Послышались шумные вздохи, голоса сразу изменились, мальчишки начали расходиться кто куда. Славян, Андрюшка и Нырненко, по обычаю, пошли вместе.
Славка уныло молчал, в голове, испуганно подрагивая, как бы крутилась чёрная блестящая пластинка: «Неужели и правда почудилось? Никому не почудилось… Одному мне. Что же это такое? Выходит, я не как все… Никому не чудится… Почему?»
На мгновение Кукушкину стало страшно, потому что ему стало жалко себя, что уже одиннадцать лет прошло, а он даже в футбол играть не умеет.

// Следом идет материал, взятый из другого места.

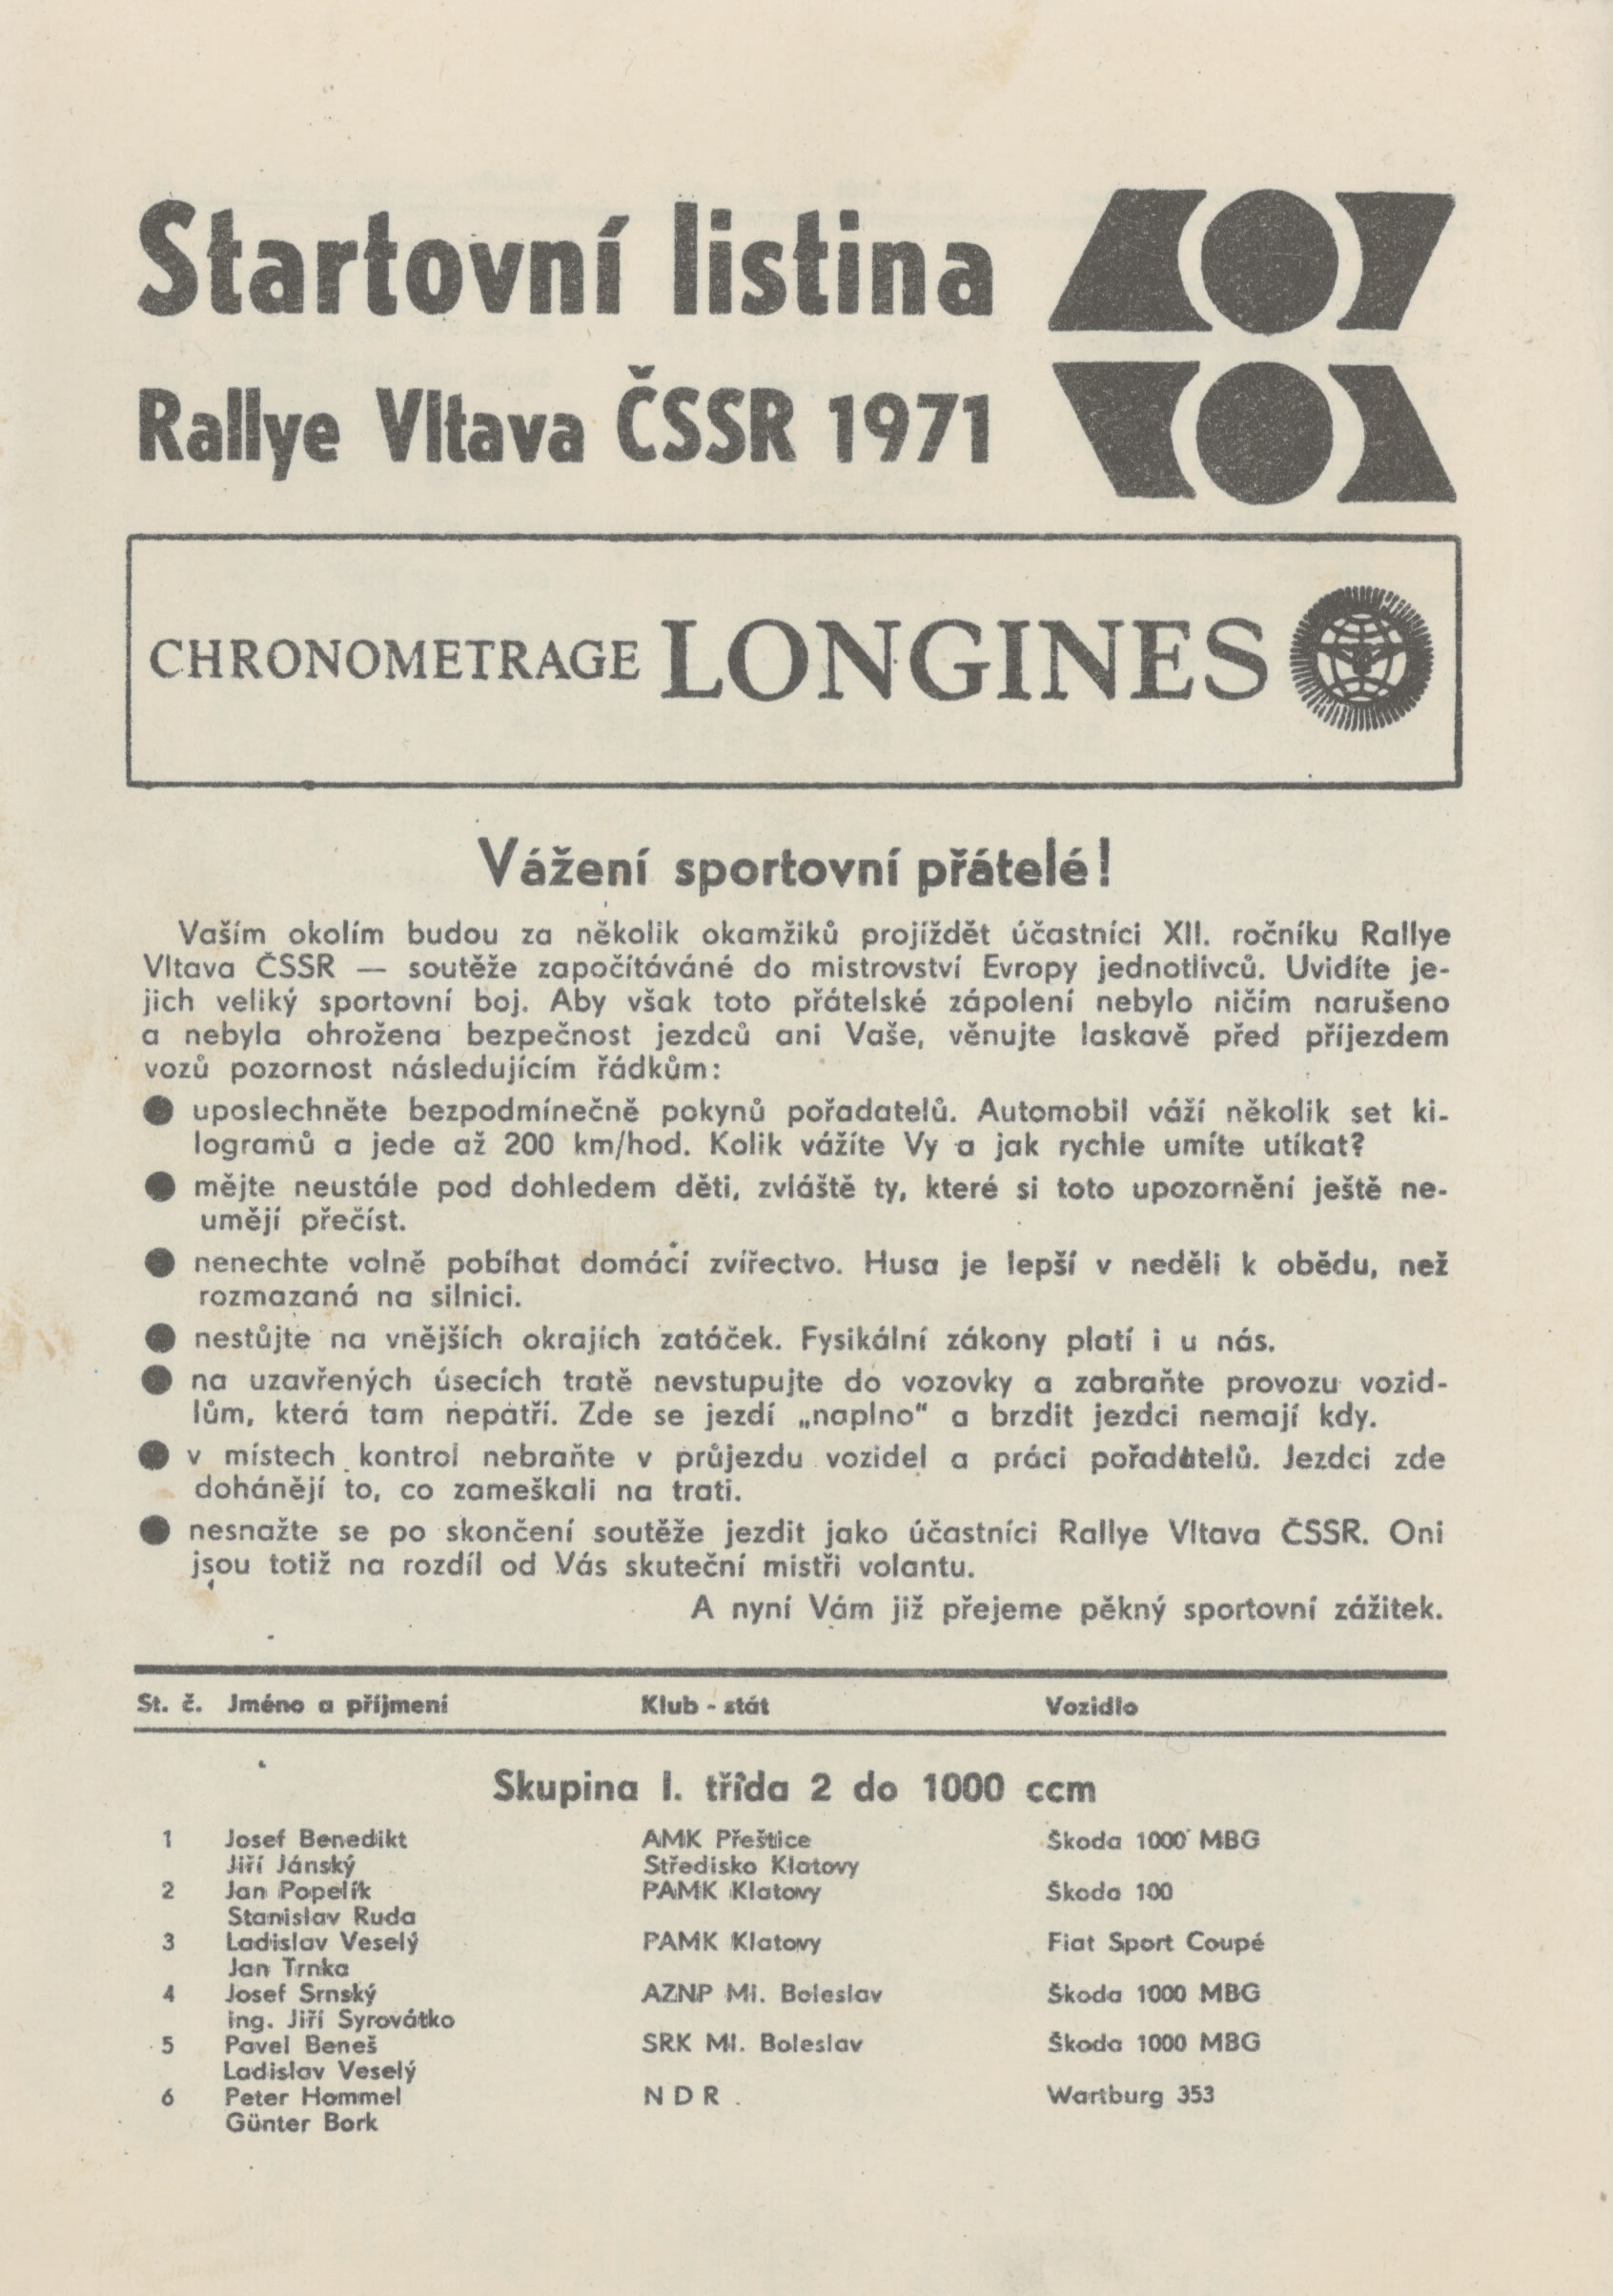 Rallye Vltava 1971
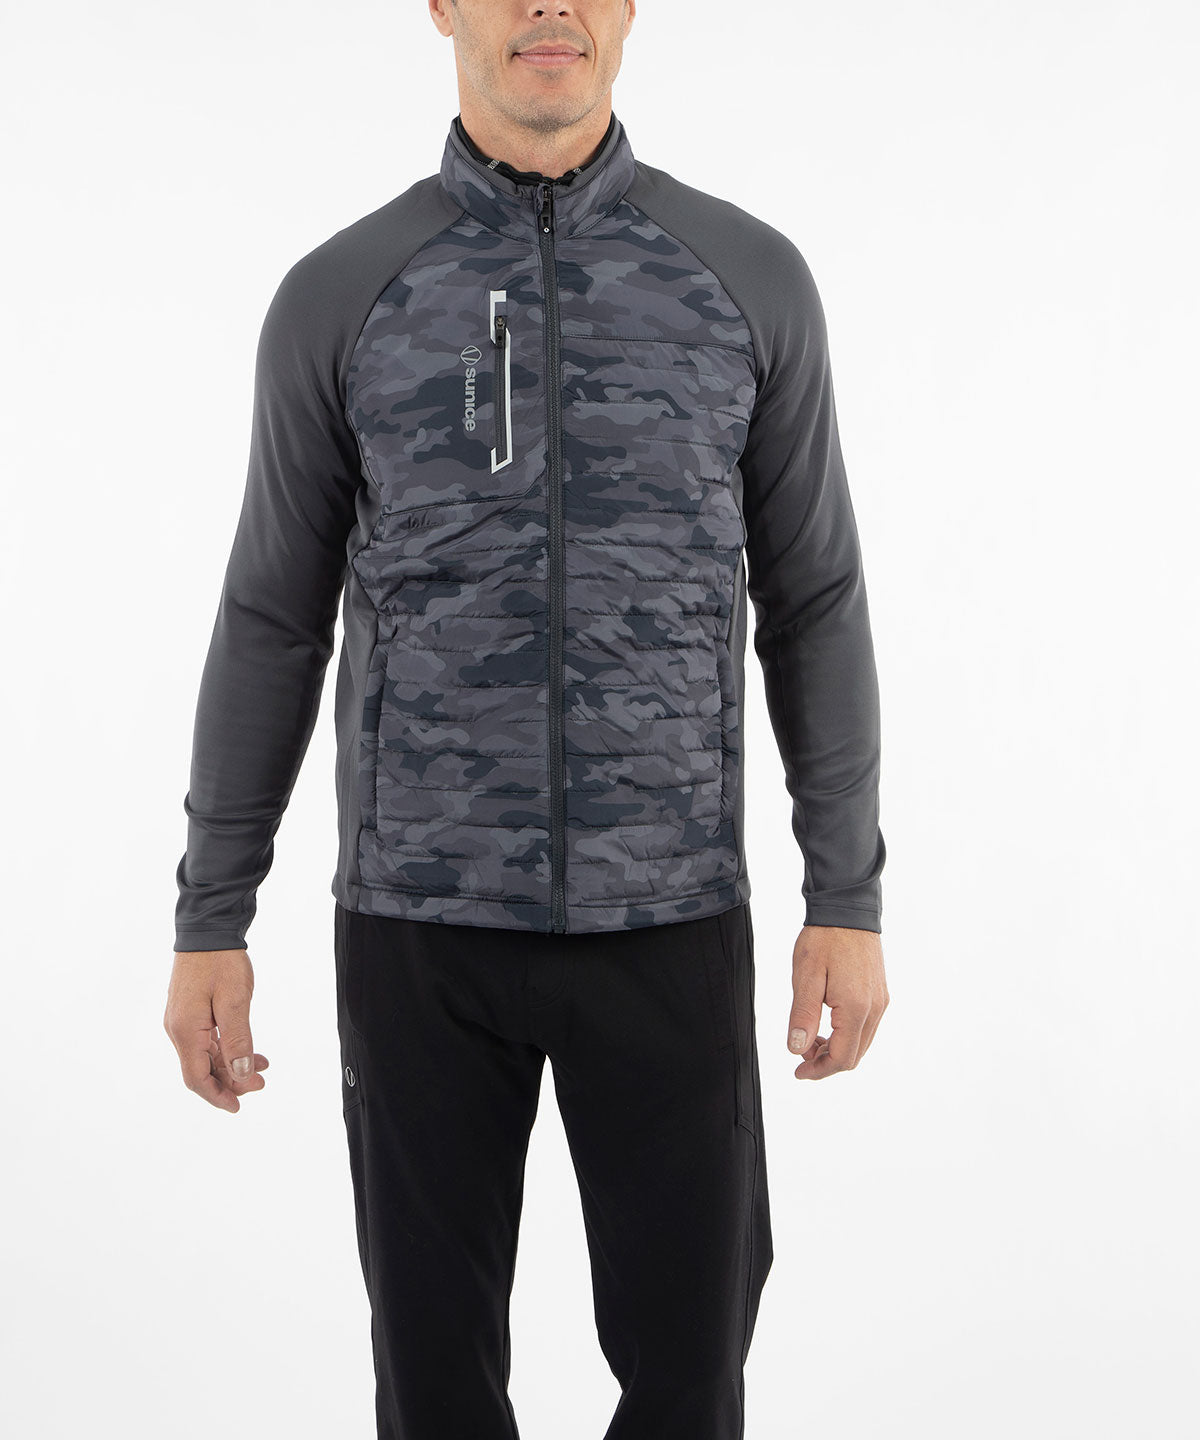 Men's jacket in melange Stretch Performance fleece

И вообще, никто его не уважает, вруном обзываются, а сегодня вдобавок наподдали за пропущенные голы.
Где-то в уголках глаз щекотнулись слёзы, но Славка сделал затяжной зевок и несколько раз шмыгнул носом.
– Ага, – сказал на это Андрюшка, – опять шмыгаешь. Химичил вчера?
– Было, – повеселел Славка. – Кристаллы поваренной соли выводил из раствора.
– Вот и занимайся своими кристаллами! Зачем в футбол лезешь? Я же в твою химию не суюсь!
Нырненко сразу вмешался:
– Не приставай к Славяну! Дома ему химичить не дают, здесь ты на него бросаешься, а он у нас рабочий человек – ему ещё за Марьяной в садик идти!
– И вправду, за Марьяной идти! – воскликнул Славка. – Опять забыл, вот балда!
– Самый настоящий, – поддержал его Андрюшка, – и не надоело тебе, балда, быть нянькой?
У Славяна глаза сузились в две щёлочки.
– А тебе завидно?
– Помираю от зависти!
– И не надоело вам рычать друг на друга? – мирно спросил Нырненко.
Славка хотел ответить Андрюшке так, чтобы тот лопнул от злости, но передумал.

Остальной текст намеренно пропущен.